In the exercise, this principle was used to verify Theorem 11.2.4 by exploring how it applies to the dot product of vectors. We applied the product rule to the expressions involving our vectors \( \vec{r}(t) \) and \( \vec{s}(t) \) and found that the principle holds true when dealing with their dot product.

Derivative Calculation

Derivative calculation is an essential part of calculus that determines how a function changes as its input changes. In vector calculus, derivatives can help us understand how vector fields change over time and space.
The derivative of a vector function is found by differentiating each component of the vector separately.
Steps to calculate derivatives:

• Differentiation of scalar functions: Use standard rules like power rule, product rule, and chain rule.
• Differentiation of vector functions: Differentiate each component and arrange them into a new vector.

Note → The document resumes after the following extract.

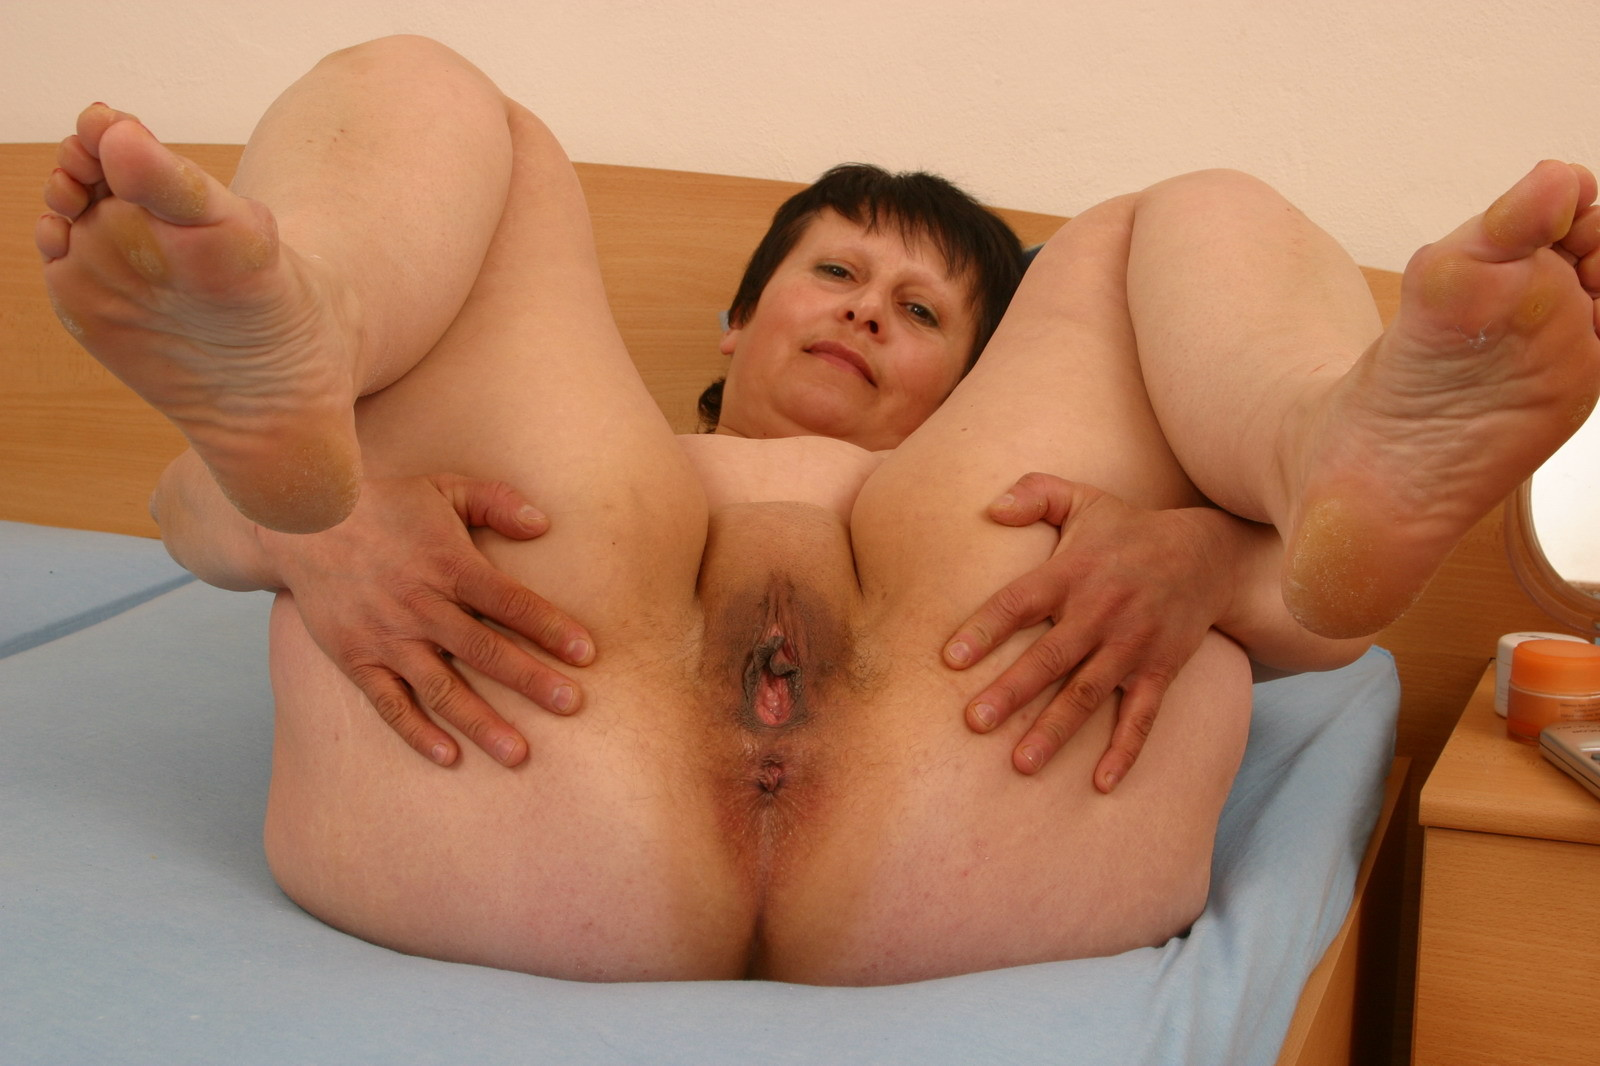 Смотреть онлайн трах с бабушками в жопу фото 521-464

In the exercise, we calculated derivatives for both \( \vec{r}(t) \) and \( \vec{s}(t) \), yielding \( \vec{r}'(t) = \langle 2t, 1, 0 \rangle \) and \( \vec{s}'(t) = \langle \cos t, e^t, 1 \rangle \).
These derivatives were crucial for verifying the theorem related to the dot product.

Theorem Verification

Theorem verification involves validating a mathematical statement using logical reasoning and calculations. In calculus, it's crucial to ensure that results are consistent with established theorems.
For our specific exercise, Theorem 11.2.4 claims a certain property about the derivative of the dot product of two vector functions.
Steps to verify:

• Calculate the dot product of the vector functions.
• Differentiate this dot product.
• Calculate derivatives separately and apply the product rule.
• Verify if the differentiated dot product equals the sum of the products of the derivatives, as predicted by the theorem.

In the original solution, both paths - direct differentiation of the dot product and sum of product of derivatives - led to the same result, thereby verifying the theorem.